Having a hard time coping with being cut out of my sibling's life

Anonymous
Anonymous wrote:
Anonymous wrote:
Anonymous wrote:
Anonymous wrote:
Anonymous wrote:
Anonymous wrote:
Anonymous wrote:
Anonymous wrote:Honestly, it seems like maybe you were the dramatic one. You had a crisis, then relied on your sibling to refer you to a family friend/get the family friend’s advice. It sounds like you’re sibling actually did what you asked (idk why you think “they had no intention of helping you”) you just didn’t like the advice the family friend gave nor the timeliness of it (not your sibling’s fault). And then you freaked out because your time was up, even though you had had 2 weeks to figure it out (your fault). Again, it sounds like your sibling did what they were asked, so I could see them being frustrated with you when you took out your stress/anger on them. The rest of the family still supporting your sibling seems to suggest they don’t think what the sibling did was that bad, either. Your sibling clearly didn’t perform above and beyond like you expected them to (and your hurt feelings are valid if you thought your relationship was stronger/you could rely on them) but maybe you overreacted…?

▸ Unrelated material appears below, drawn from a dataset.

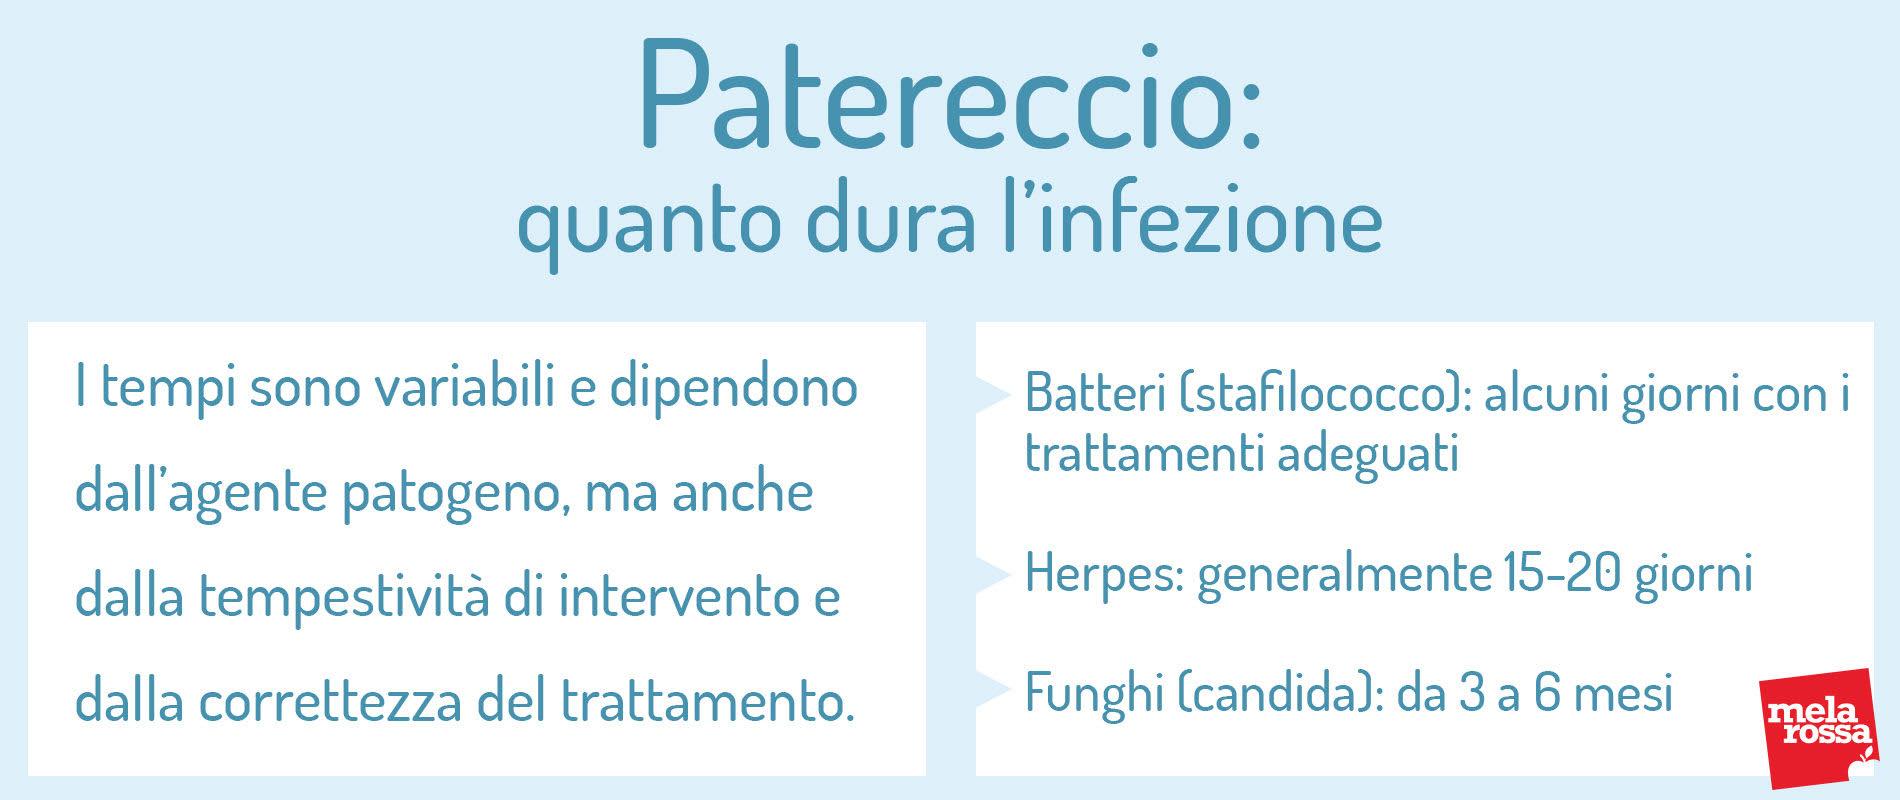 Patereccio: quanto dura l'infezione

omg this was FOUR YEARS AGO
it is completely irrelevant whether OP yelled for a reason or with no good reason. the whole family is cutting one person out because of this nothing burger. why can't they all just move on? what kind of family excludes members over stuff like this?


Because it was probably the last straw and OP has been vague about what she actually said or did. She hasn't taken responsibility for not taking care of her legal issues which were probably of her own making in the first place and blames her brother for not hopping to it to solve her self made problems. I'd distance myself from a needy, helpless, vampire like that too. He has his own family and problems and doesn't need his sister bringing him down. There's obviously more to the story.


I’m following this thread since I relate to aspects of it and it’s amazing how posters like you are attacking the OP as a user and vampire even though the OP has clearly stated they don’t ask for help very often. Also, the sibling OFFERED to help and could have rescinded the offer at any time.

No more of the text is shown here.